Then we have [tex]sin^2(x)+ \frac{1}{\sqrt{3}}sin(x)- \frac{1}{3}= 0[/tex].

By the quadratic formula, [tex]sin(x)= \frac{-\frac{1}{\sqrt{3}}\pm\sqrt{\frac{1}{3}+ \frac{4}{3}}}{2}[/tex][tex]= \frac{-1\pm \sqrt{5}}{2\sqrt{3}}[/tex].

Yes, there are two solutions (between 0 and [tex]2\pi[/tex]). Numerically, sin(x)= 0.3568 so x= 0.3649 and sin(x)= -0.9342 so x= -1.2059 to four decimal places.
 
  • #3
thank you! i find the same thing but if i have to solve cos(x)3- sin(x)3 how do i get to one answer with this \(\displaystyle \pm\) ? the answer is \(\displaystyle \frac{4}{3\sqrt{3}}\). I thought about using the identity
a3-b3 = (a-b)(a2+2ab+b2) as an alternative method with a=sin(x)+\(\displaystyle \frac{1}{\sqrt{3}}\) and b=sin(x) . I find this :

\(\displaystyle \frac{12sin(x)^2+\sqrt{3}*4sin(x)+1}{3\sqrt{3}}\)

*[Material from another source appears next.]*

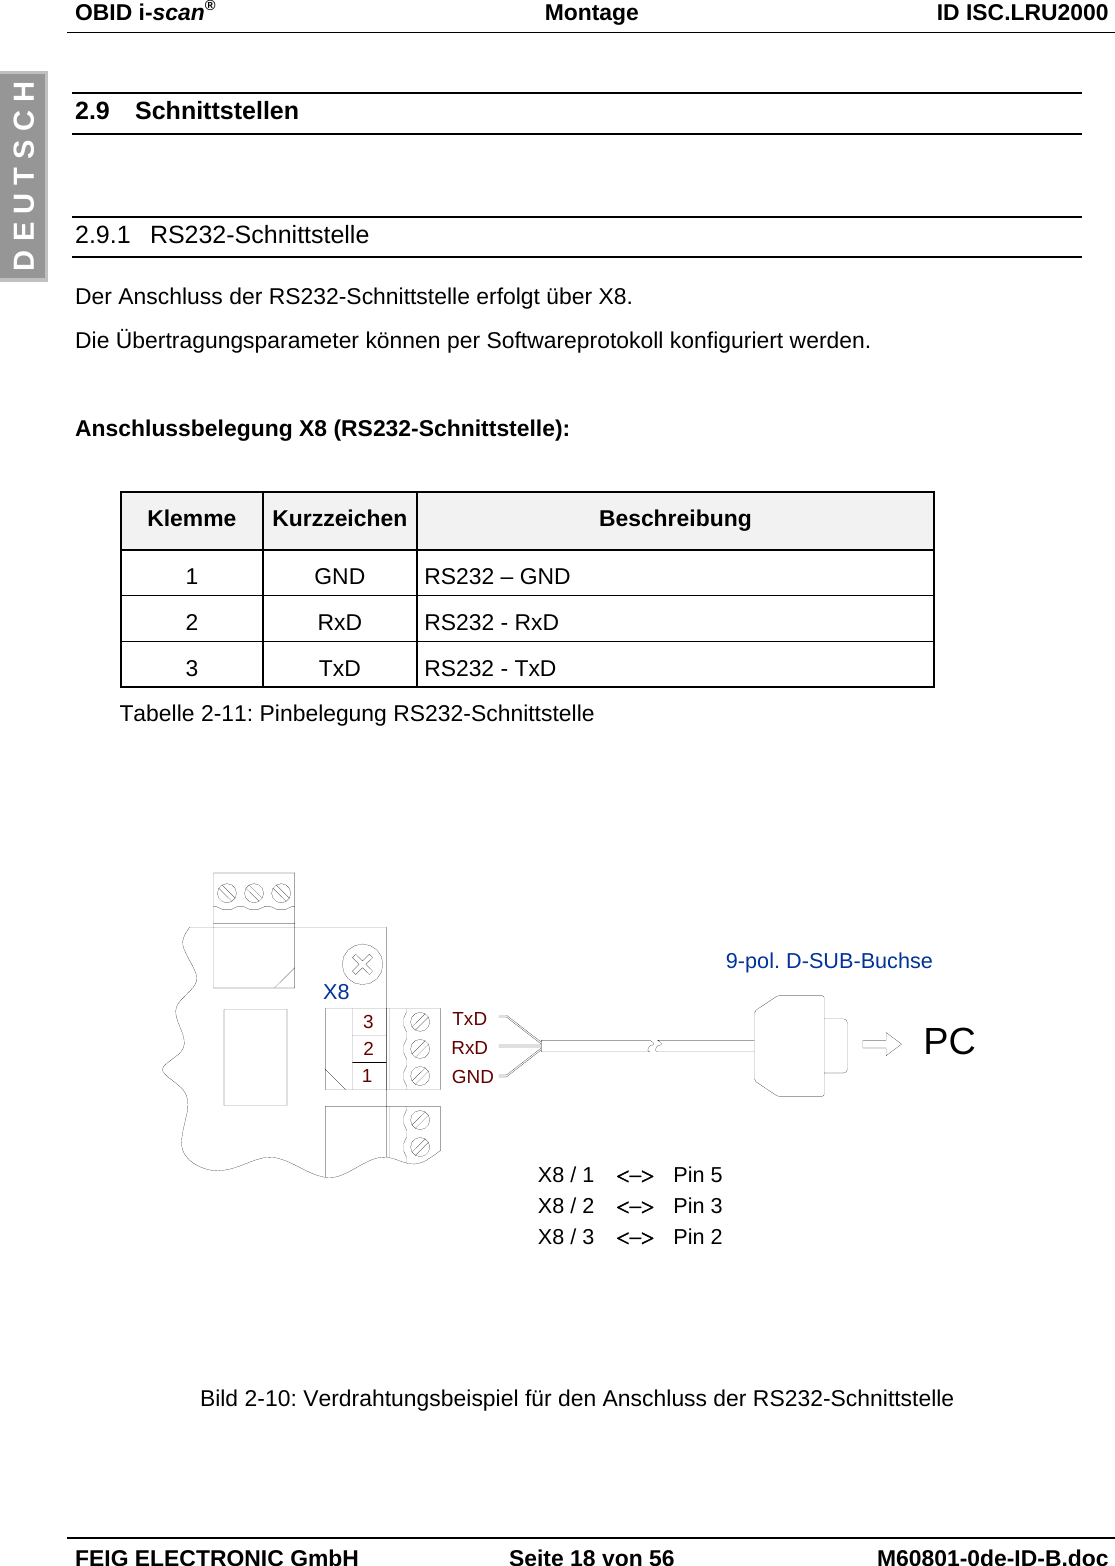 OBID i-scan®Montage ID ISC.LRU2000FEIG ELECTRONIC GmbH Seite 18 von 56 M60801-0de-ID-B.docD E U T S C H2.9 Schnittstellen2.9.1 RS232-SchnittstelleDer Anschluss der RS232-Schnittstelle erfolgt über X8.Die Übertragungsparameter können per Softwareprotokoll konfiguriert werden.Anschlussbelegung X8 (RS232-Schnittstelle):Klemme Kurzzeichen Beschreibung1 GND RS232 – GND2 RxD RS232 - RxD3 TxD RS232 - TxDTabelle 2-11: Pinbelegung RS232-SchnittstellePC&lt;−&gt;&lt;−&gt;&lt;−&gt;X8 / 3 Pin 2X8 / 2 Pin 3X8 / 1 Pin 59-pol. D-SUB-BuchseX8TxDRxDGND321Bild 2-10: Verdrahtungsbeispiel für den Anschluss der RS232-Schnittstelle

Idk how to further develop. In the identity I factorized \(\displaystyle (sin+\frac{1}{\sqrt{3}})^2\), found in (a-b) sinx-sinx =0 so there’s \(\displaystyle \frac{1}{\sqrt{3}}\) left. any help is welcome!

Btw people here are so quick to answer this website is bomb, thank you really! Appreciate it ;)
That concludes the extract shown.